→ **What the exercise asks**
Of the lines in the material below, print only those from the one containing "高端摄影主题A4非凡图库精选杂志版式设计INDD模板 Provident |" to the one containing "حافظه اس اس", ends included, exactly as written and without pictures.

→ **Dataset records**
━━━━━━
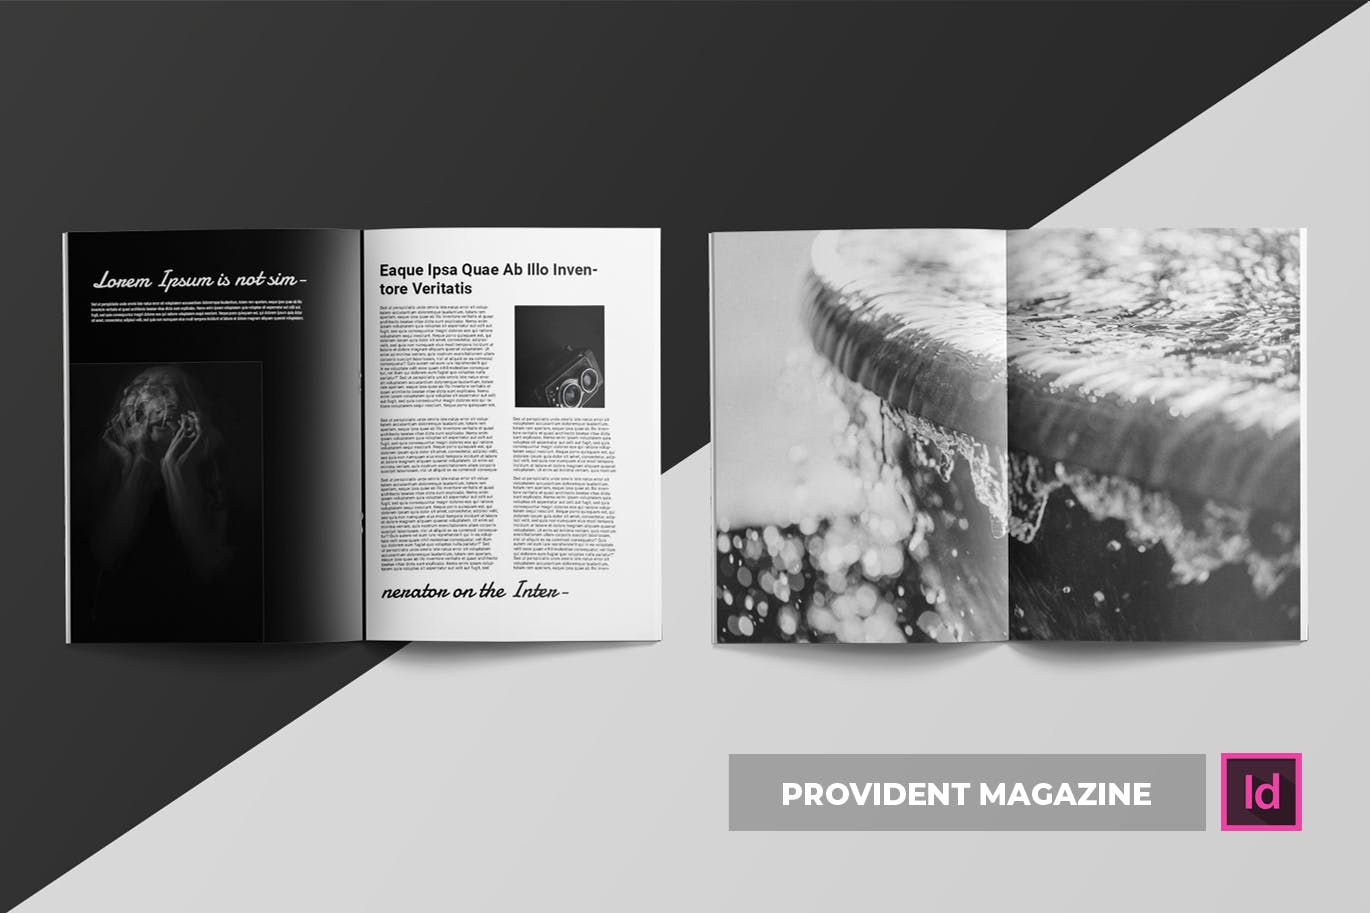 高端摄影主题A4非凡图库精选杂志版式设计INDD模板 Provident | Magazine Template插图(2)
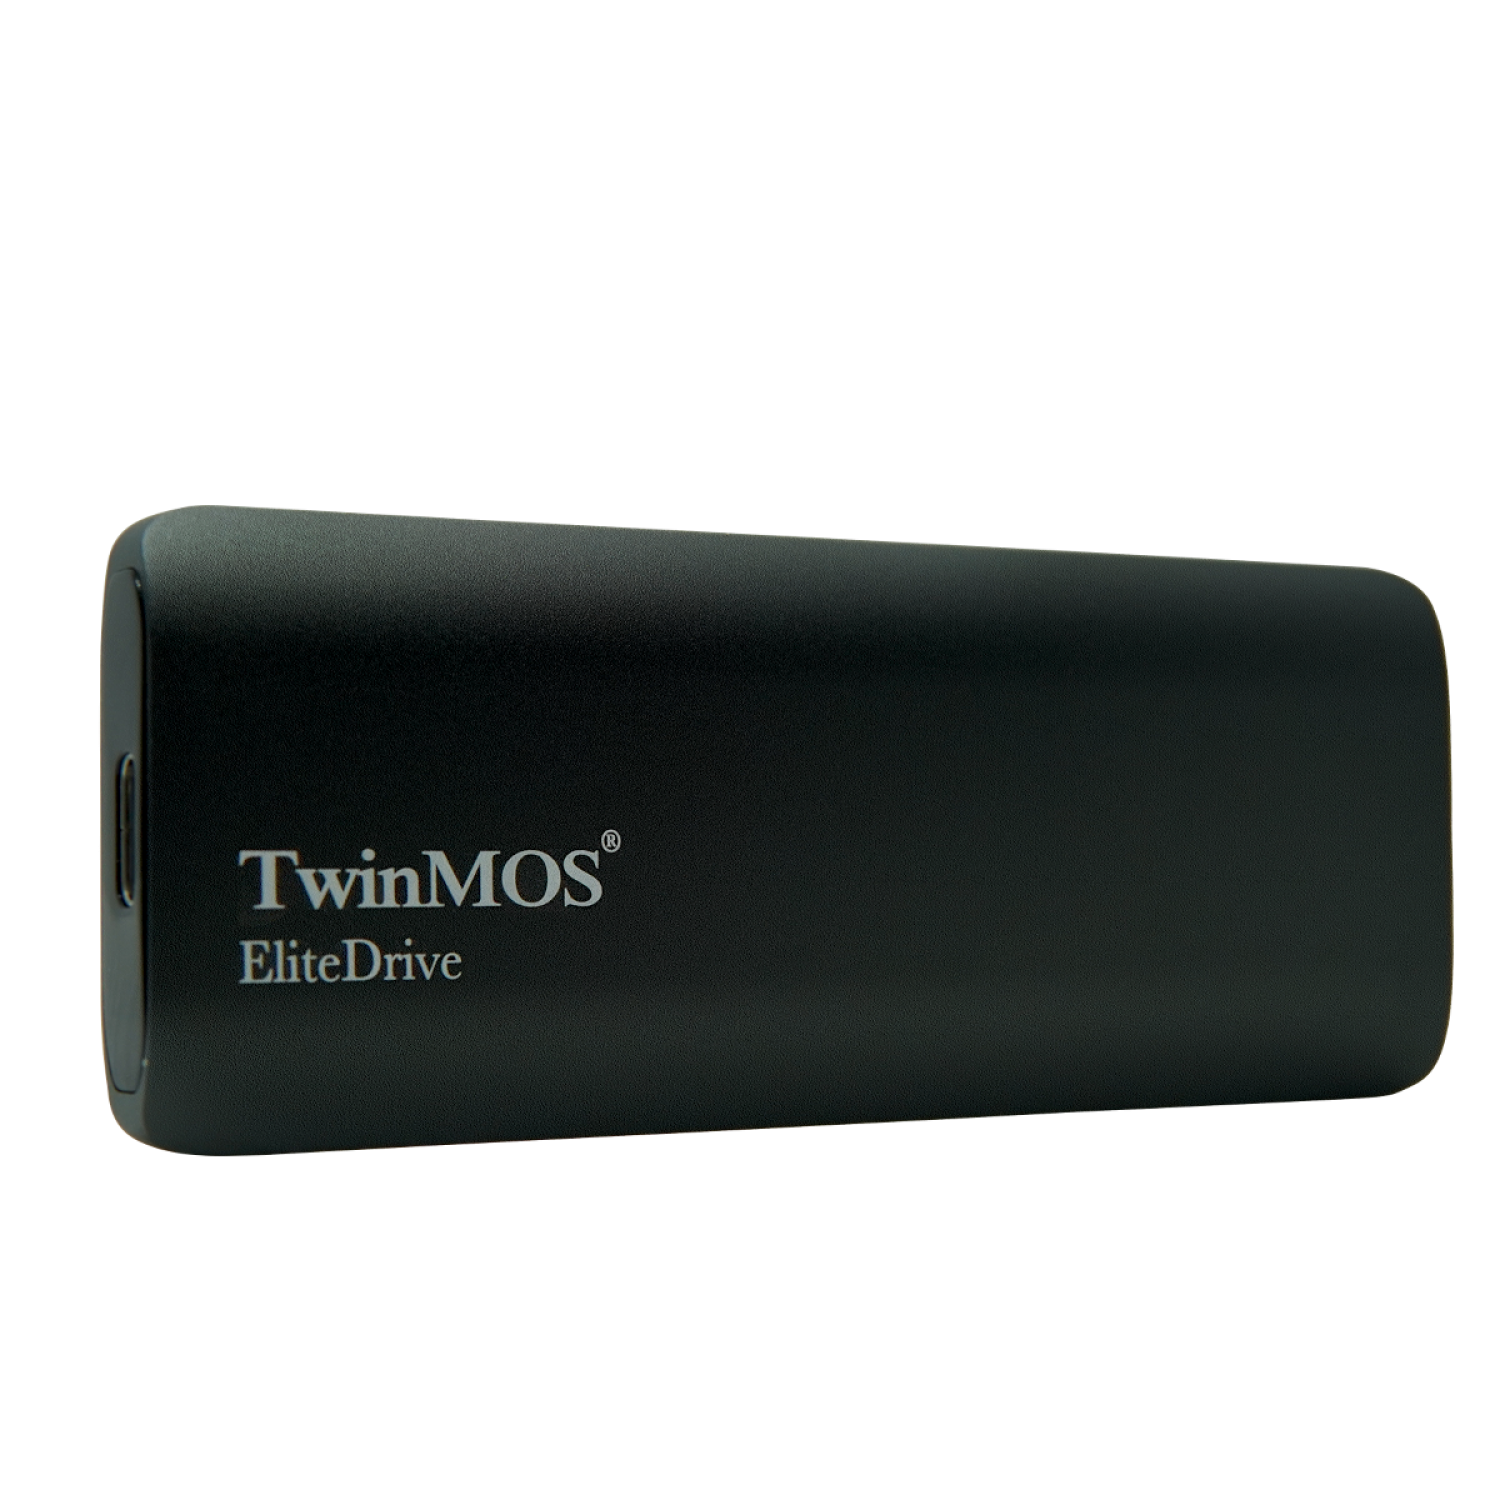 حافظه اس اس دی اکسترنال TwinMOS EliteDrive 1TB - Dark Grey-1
━━━━━━
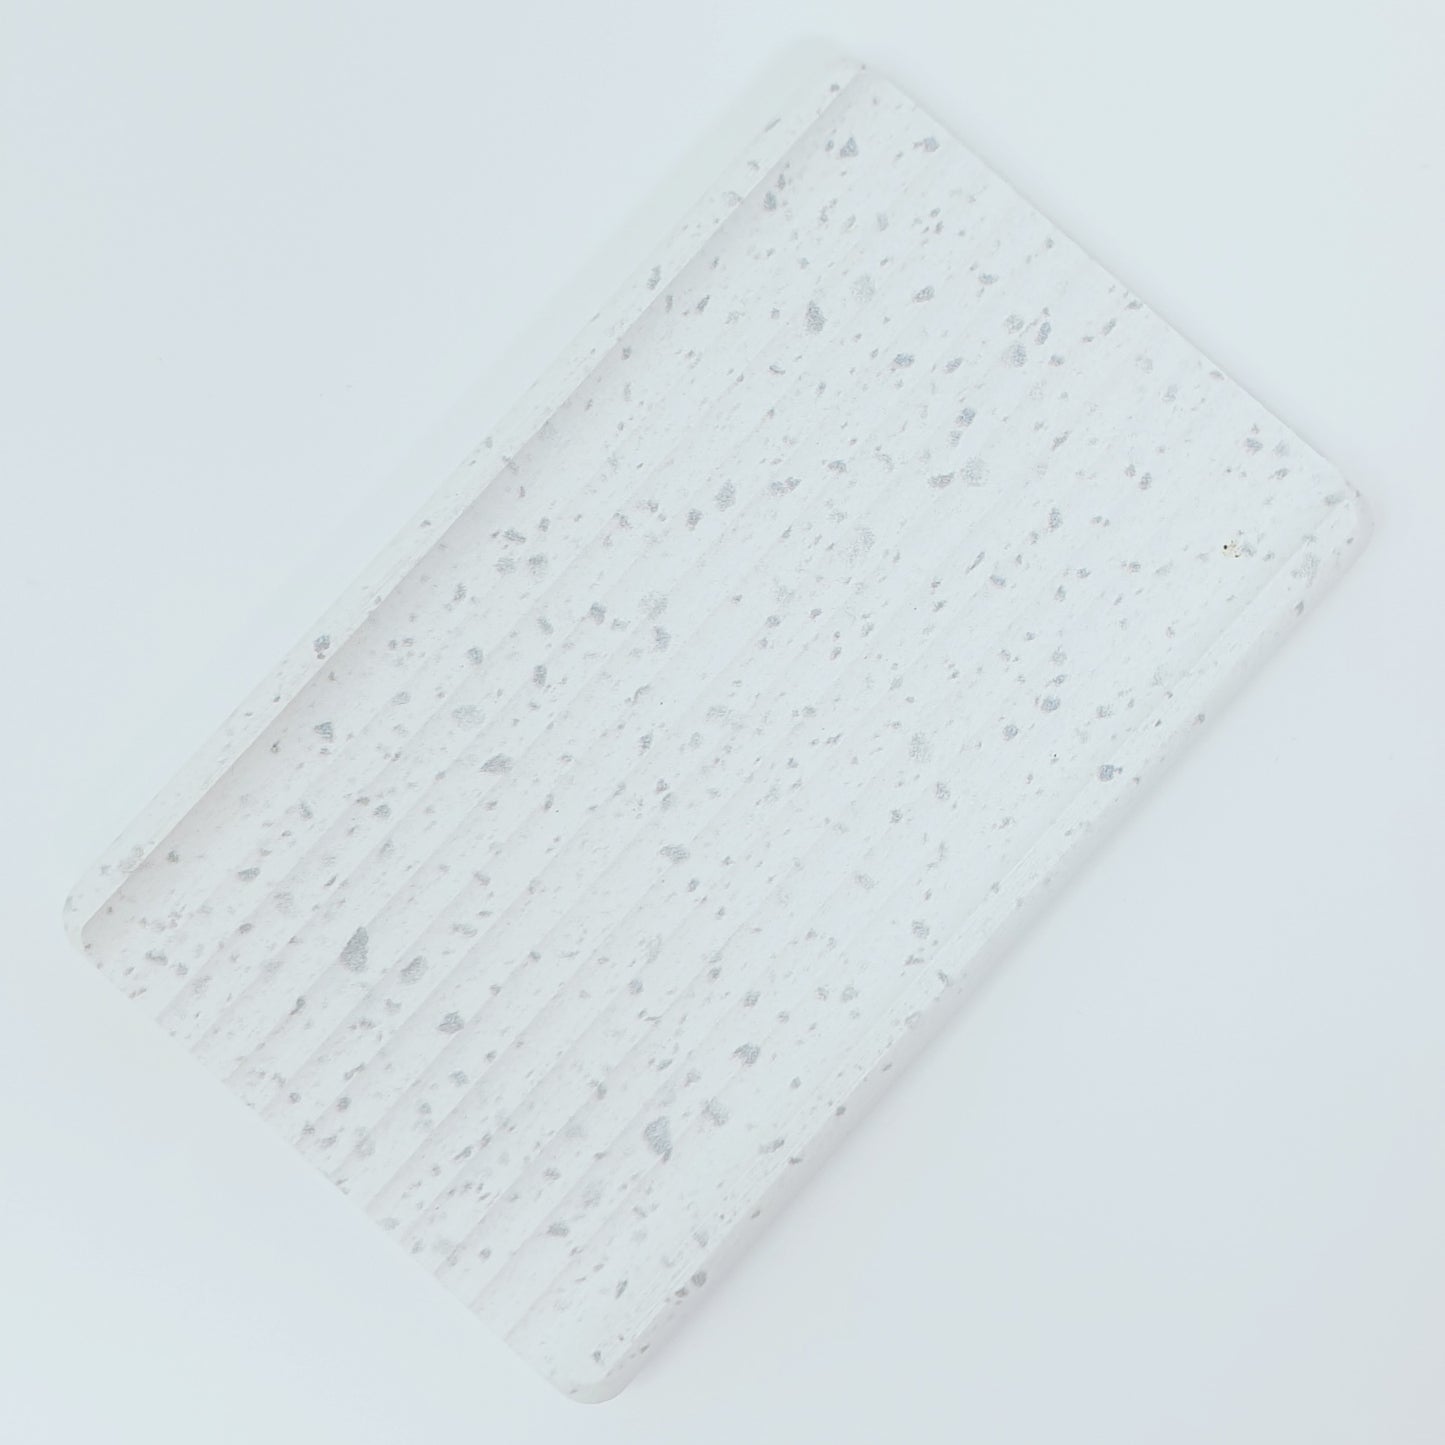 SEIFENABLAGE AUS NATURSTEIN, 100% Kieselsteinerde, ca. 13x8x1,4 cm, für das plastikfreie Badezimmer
━━━━━━
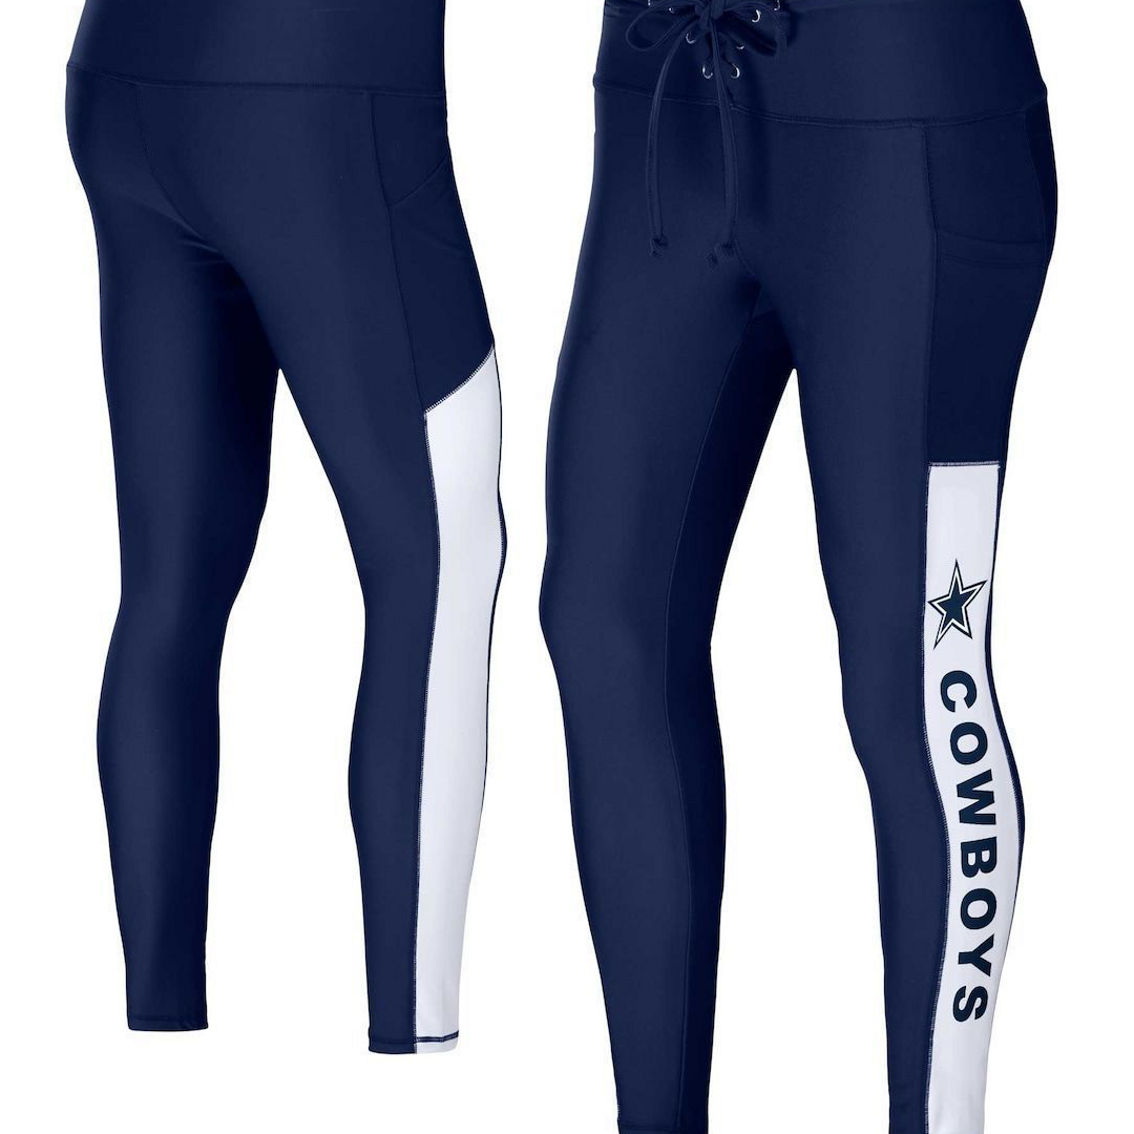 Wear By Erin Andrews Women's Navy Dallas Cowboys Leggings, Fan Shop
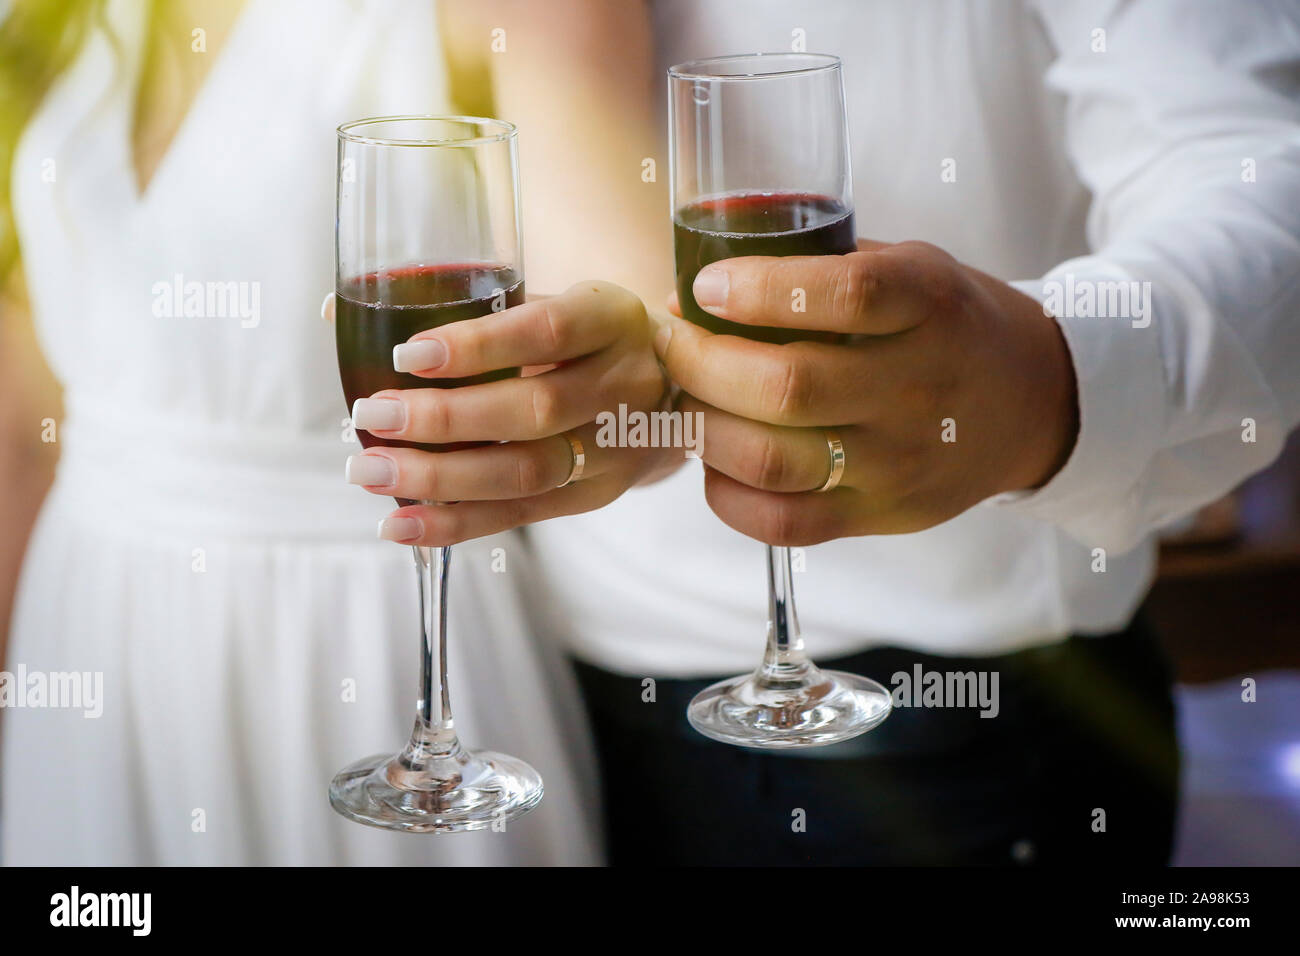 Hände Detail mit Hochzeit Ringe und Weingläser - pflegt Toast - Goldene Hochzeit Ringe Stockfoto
━━━━━━
→ **Solution for this problem**
 高端摄影主题A4非凡图库精选杂志版式设计INDD模板 Provident | Magazine Template插图(2)
 حافظه اس اس دی اکسترنال TwinMOS EliteDrive 1TB - Dark Grey-1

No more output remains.